:: Activity ::
Skip the pictures and restate, word for word, the lines from the one containing "Estanterias de obra" to the end of the data below.

:: Stored data ::
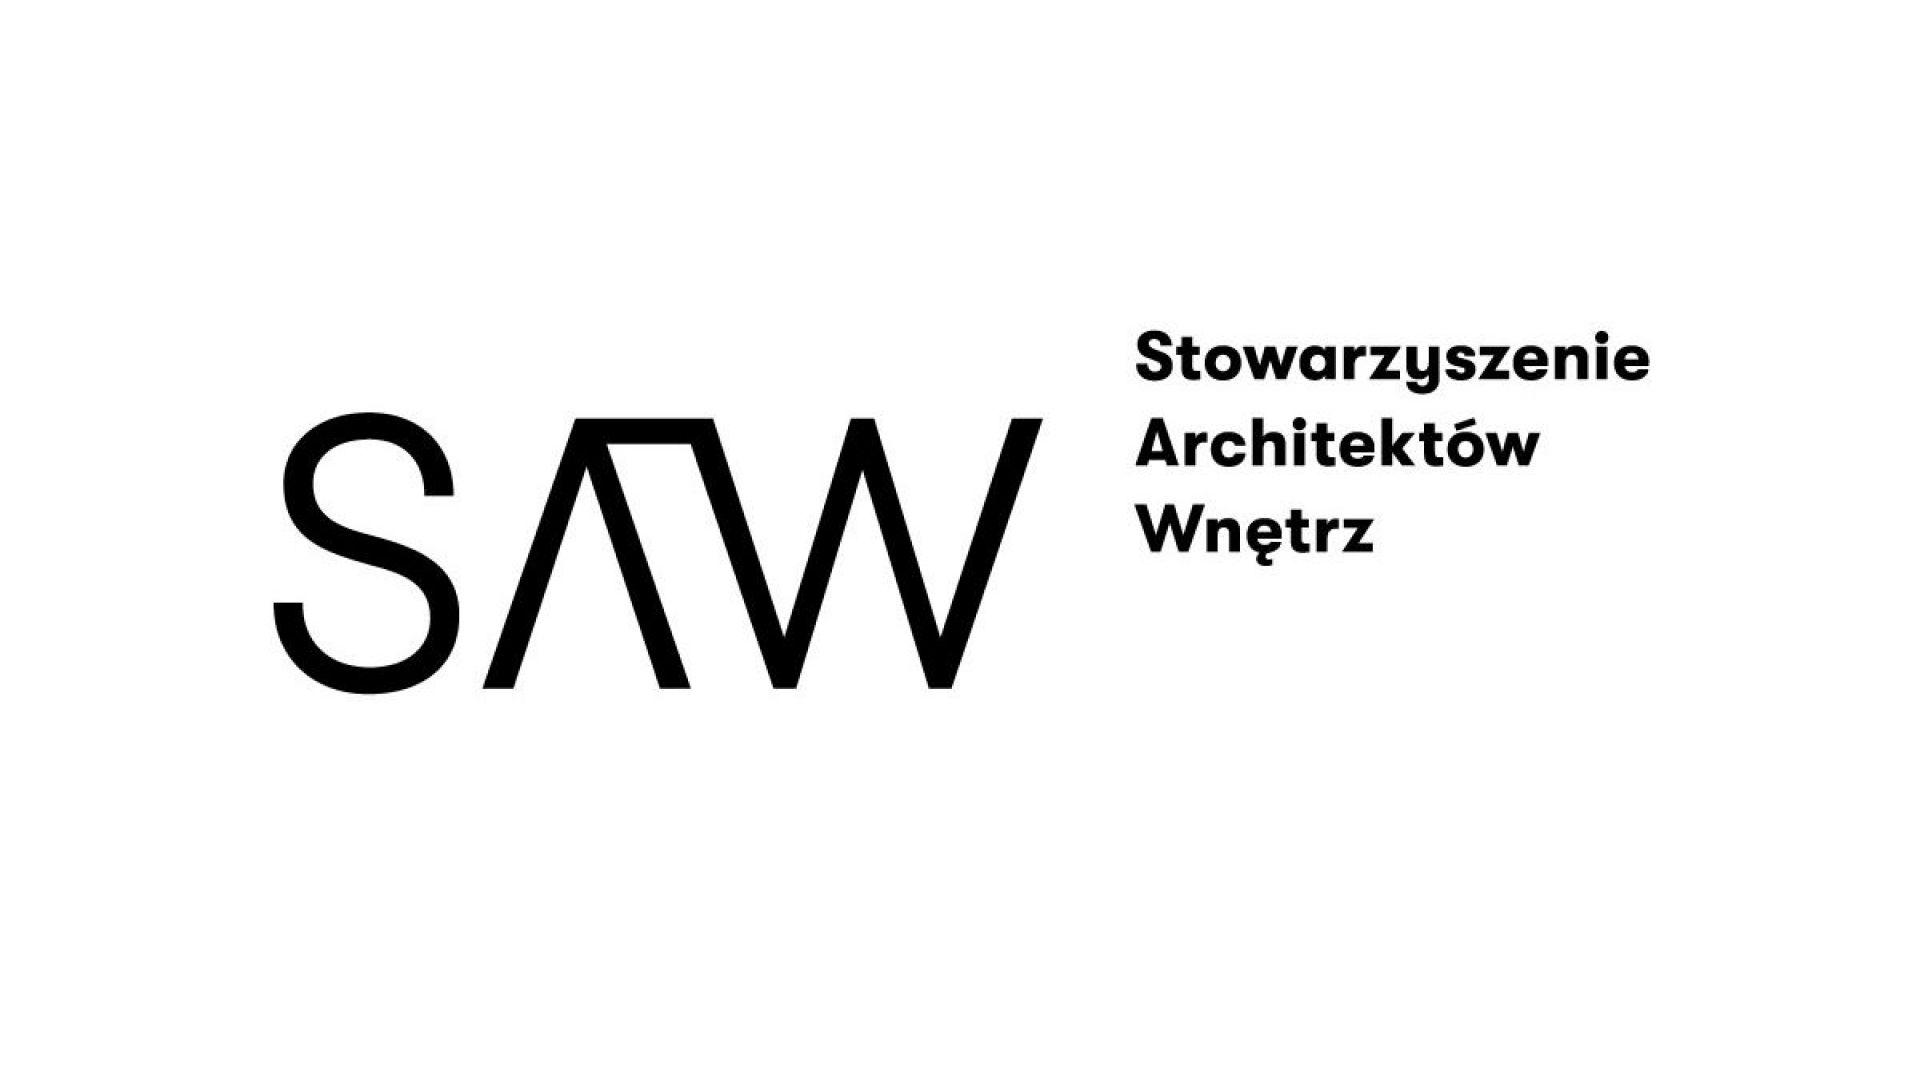 Znalezione obrazy dla zapytania stowarzyszenie architektów wnętrz logo
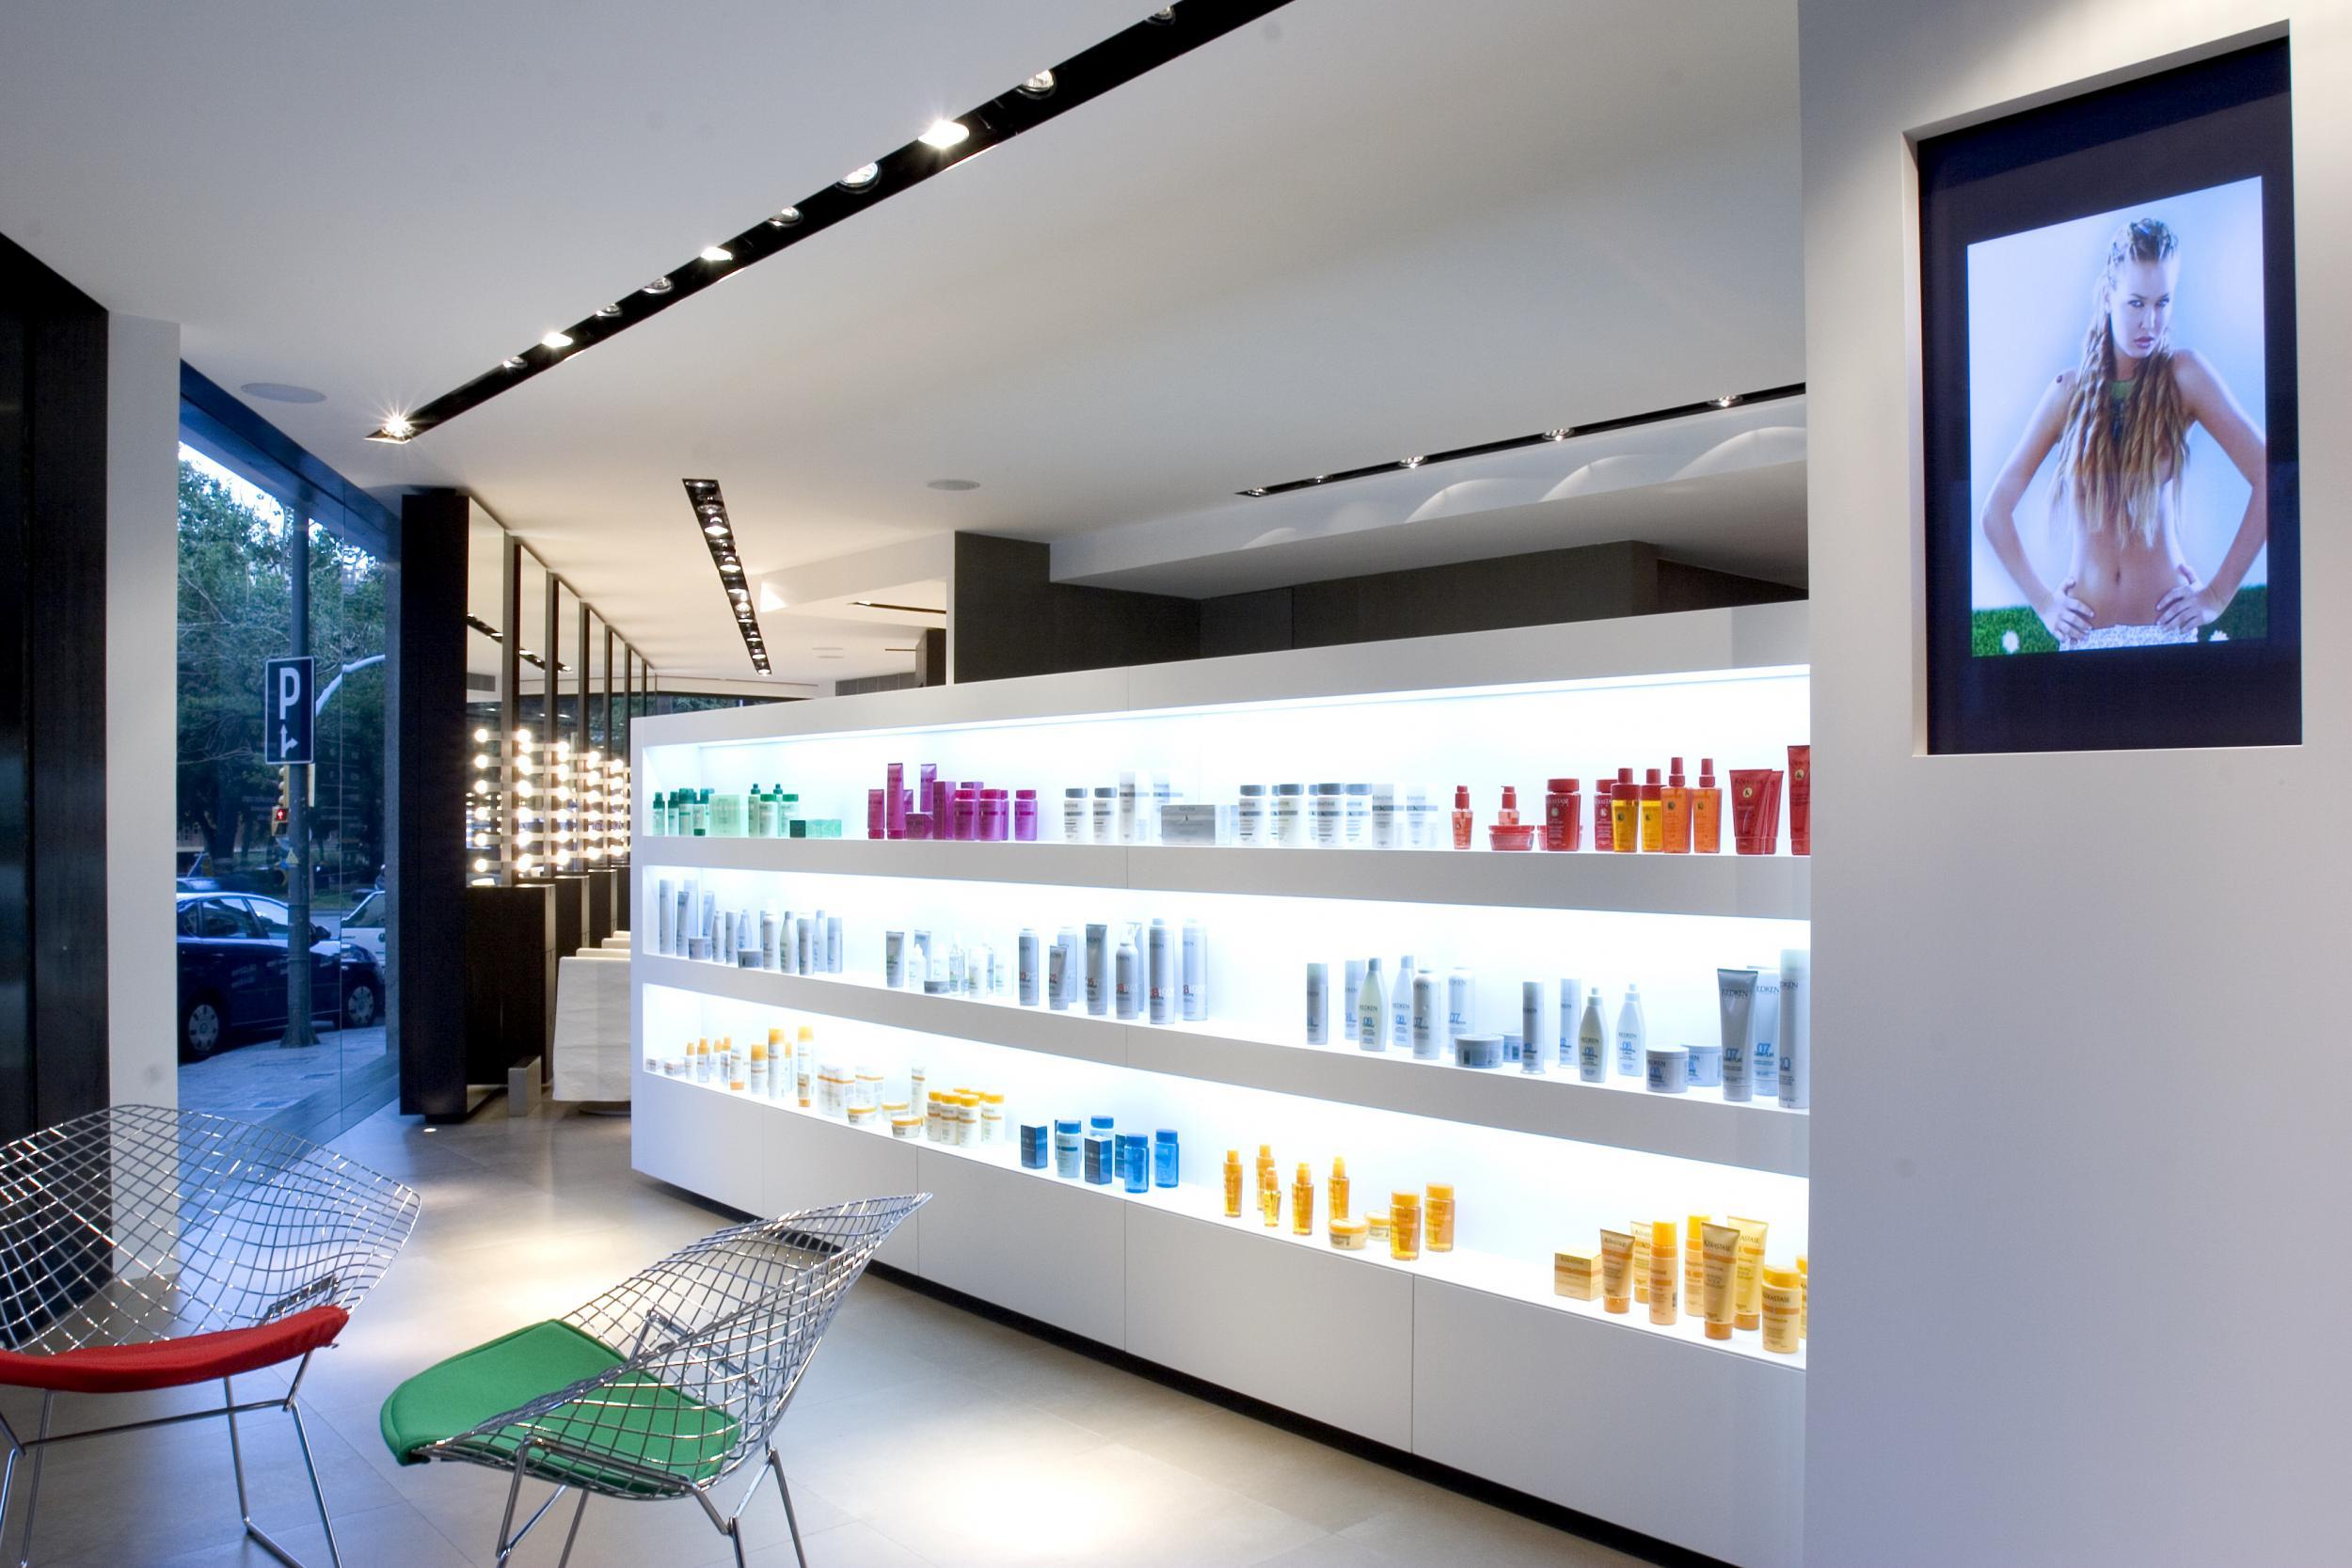 Estanterias de obra para salon best obra para salon interesting good estanterias with - Studio barcelona muebles ...
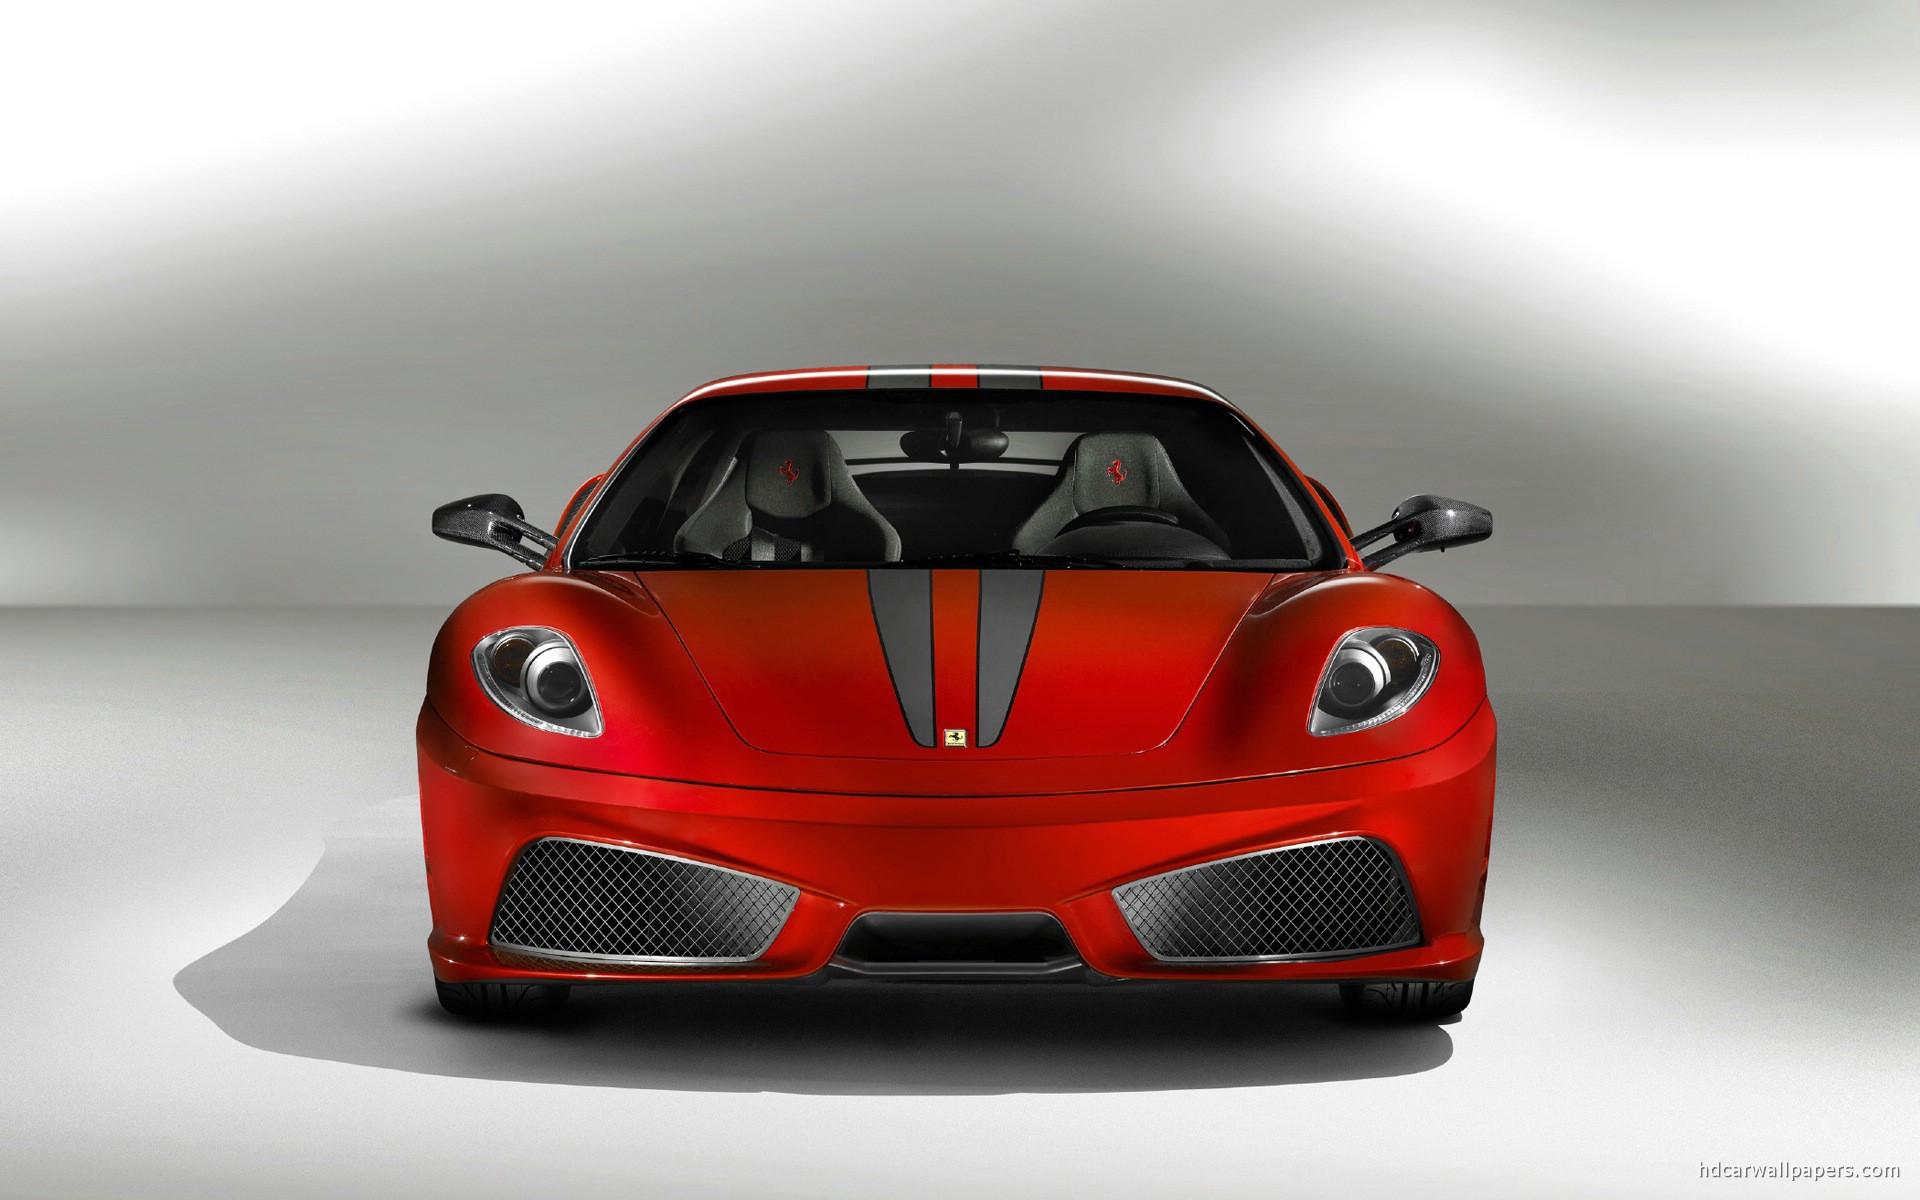 Ferrari f430 scuderia 4 wallpaper hd car wallpapers id 831 tags ferrari f430 scuderia voltagebd Image collections

:: Final answer ::
 Estanterias de obra para salon best obra para salon interesting good estanterias with - Studio barcelona muebles ...
 Ferrari f430 scuderia 4 wallpaper hd car wallpapers id 831 tags ferrari f430 scuderia voltagebd Image collections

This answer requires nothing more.